Slashdot Mirror


User: thorpej

thorpej's activity in the archive.

Stories
0
Comments
11
First seen
Last seen
Profile
(view on slashdot.org)

Comments · 11

  1. Re:Are they girls at these parties? on NetBSD Celebrates Its 10th Anniversary · · Score: 1

    Well... the party in San Francisco is being held at the 21st Amendment (a nice restaurant and brewery down by Pac Bell Park). We're going to have some great food, some great beer, and eat a NetBSD birthday cake.

    Basically, a group of friends who have known and worked with each other for a decade now are going to get together and have a great time.

    It's a been a quite a past 10 years ... and I personally am looking forward to hacking NetBSD for the next 10!

  2. Re:Linux has better zerocopy TCP, and here's why on Zero-Copy TCP and UDP Output in NetBSD · · Score: 1

    Regarding sendfile(2)'s semantics ... thanks for correcting me on that. (I must admit it has been a while since I looked at specific sendfile(2) implementations.)

    Regarding Tx DMA alignment for cheap PCI cards... I have written a fair number of Ethernet drivers over the past several years, and I can't think of any chip that required any more than 4-byte alignment of the DMA buffer. The ones that spring to mind are the RealTek 81x9, Xircom X3201, and the VIA "Rhine" series... oh, and e.g. the Alchemy Au1000 built-in Ethernet MAC also requires 4 byte alignment.

    But by far the common case is that the chip can DMA from an arbitrary byte location in memory. I don't really consider this a "special" feature. Rather, I consider chips that can't do this to be "crippled".

    (Note, it IS fairly common for Ethernet chips to have stupid limitations on the *receive* side, specifically 4-byte alignment of the Rx buffer, which means the IP header ends up misaligned after the 14-byte Ethernet header. This is truly annoying, since software has to copy data to fix it up.)

    Regarding the 3 things you have to do to do zero-copy. NetBSD's virtual memory system has a generic framework for handling "loaning" of pages from one VM object to another. The uvm_loan facility is currently used by pipe(2) and socket writes (new with my changes). That said:

    1. Yes, we support full correctness of the written data. If another thread (or the same thread) touches the page before the kernel is finished with it, the loan is considered broken, and a copy-on-write fault is taken to resolve the situation.

    2. This is really the same question as (1). The pages aren't marked as "write in progress", per se, but are marked as "loaned" (loans can be used for things other than just outbound I/O, although that is the most obvious use of the facility).

    3. Yes, there is TLB maniuplation traffic. This is why you pick a threshold for using the loaning facility. Doing it for small writes would be stupid, since the copy would be less overhead than the TLB traffic. That said, even in an MP system, it's not too bad, since NetBSD uses explicit barrier operations for low-level VM operations (so that the machine-dependent "pmap" module can coalesce TLB operations if it would be beneficial to do so). In any case, the expense of TLB shootdown traffic is largely an implementation issue.

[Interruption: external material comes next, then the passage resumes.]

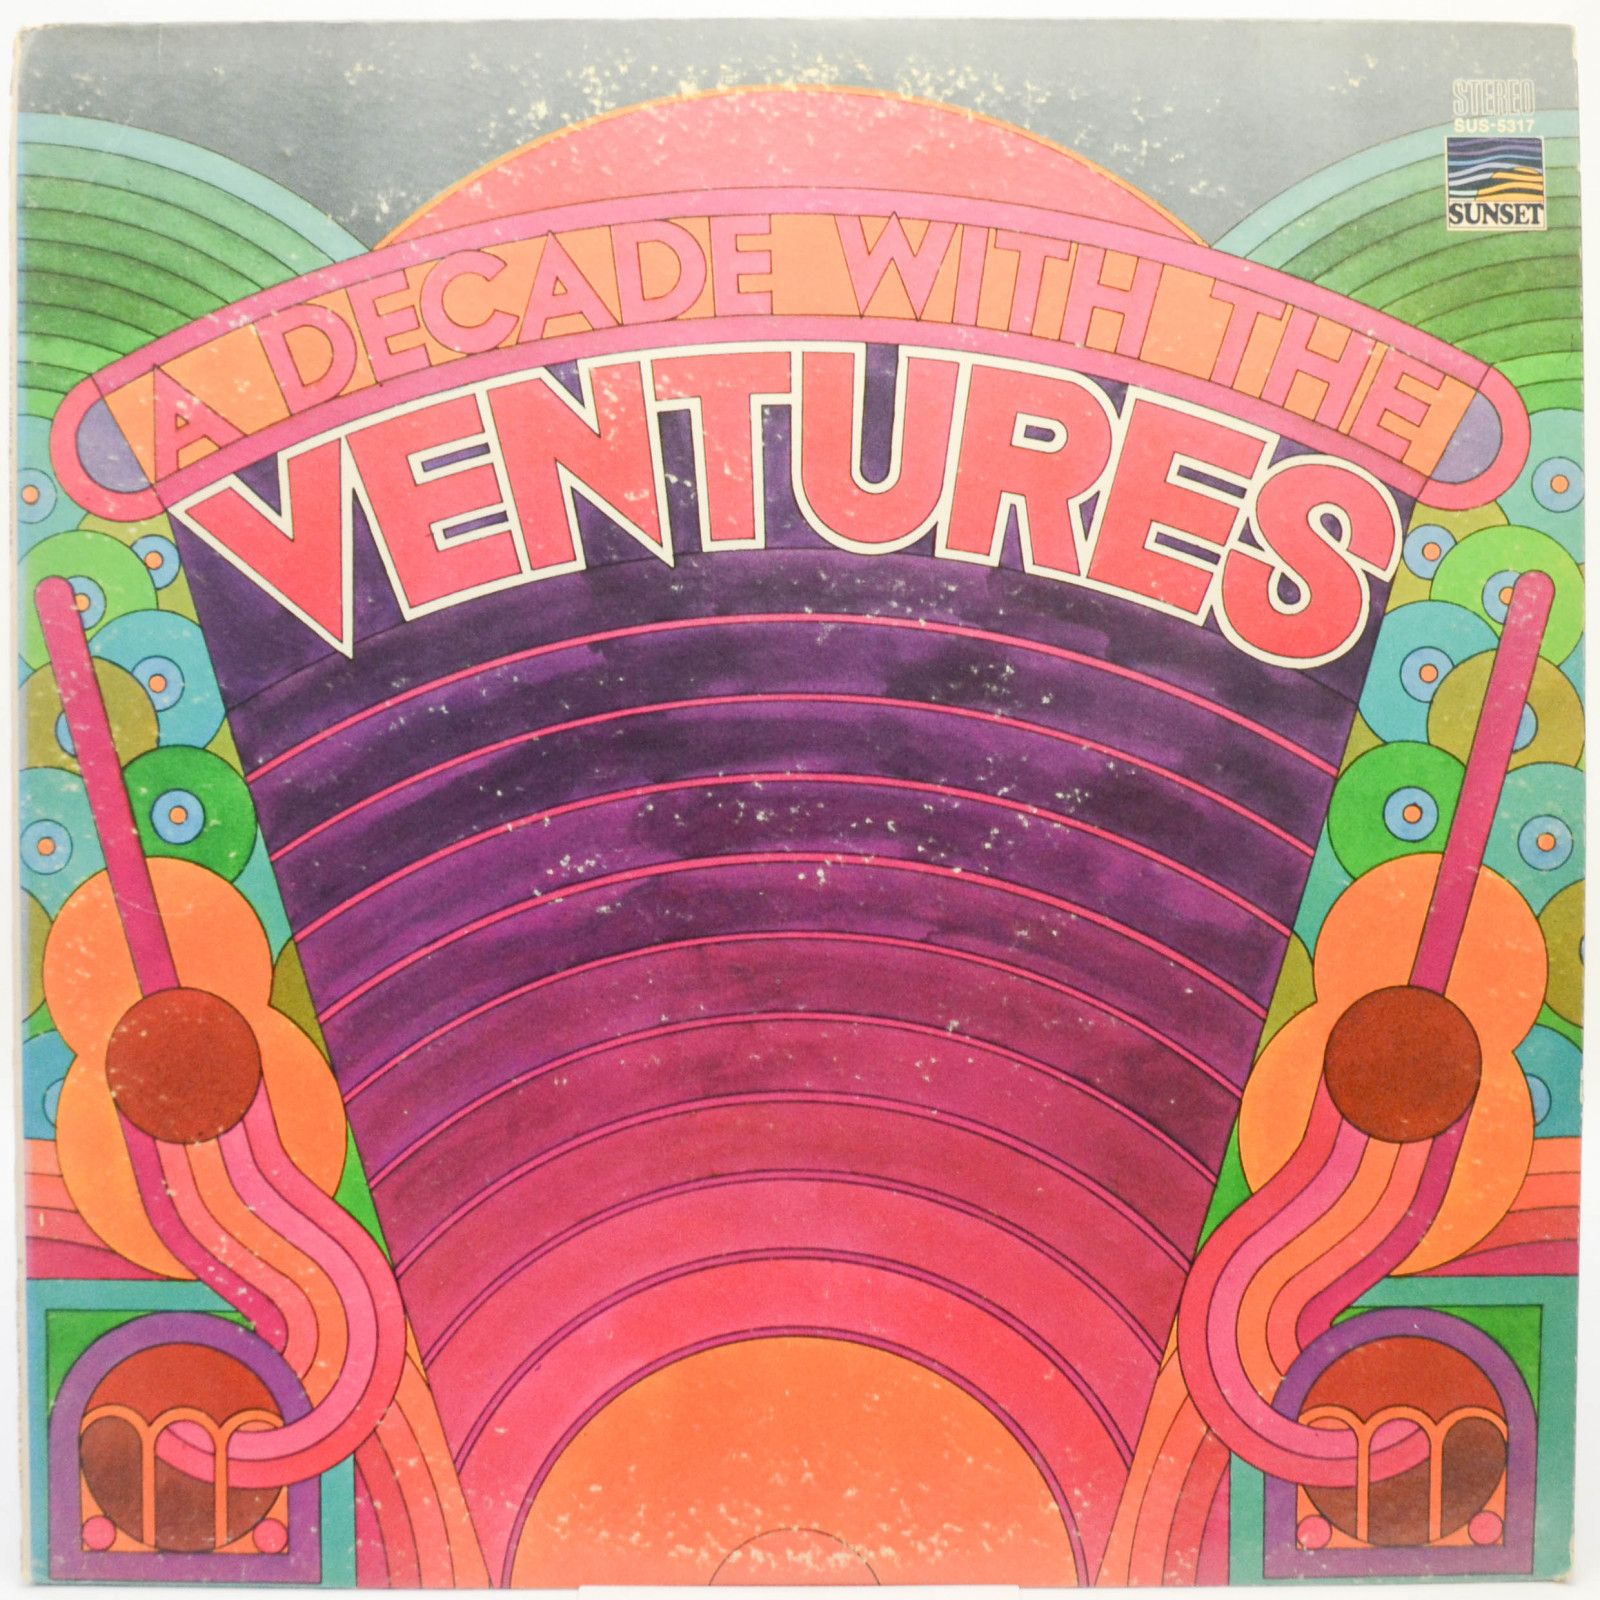 Ventures — A Decade With The Ventures (USA), 1971

  3. Re:Overlapped IO / Win32 on Zero-Copy TCP and UDP Output in NetBSD · · Score: 1

    POSIX defines an asynchronous I/O interface, "aio", and it is implemented in several Unix variants. It pretty much has the semantics you describe.

  4. Re:what about zero copy on receive? on Zero-Copy TCP and UDP Output in NetBSD · · Score: 2, Insightful

    A zero-copy receive path is a significantly harder problem to solve.

    Basically, devices DMA into host memory. These buffers must be preallocated, since you never know when a packet might arrive, and when it does, it needs to go into memory immediately, since the temporary storage in the Ethernet MAC itself is quite small.

    When the data arrives, we still don't know which application it is for. We have to parse headers, etc. to determine that. And once we do, we have a buffer that is:

    1. Not page-aligned.
    2. Not page-rounded.

    This makes it very difficult to "page flip" the buffer into userspace.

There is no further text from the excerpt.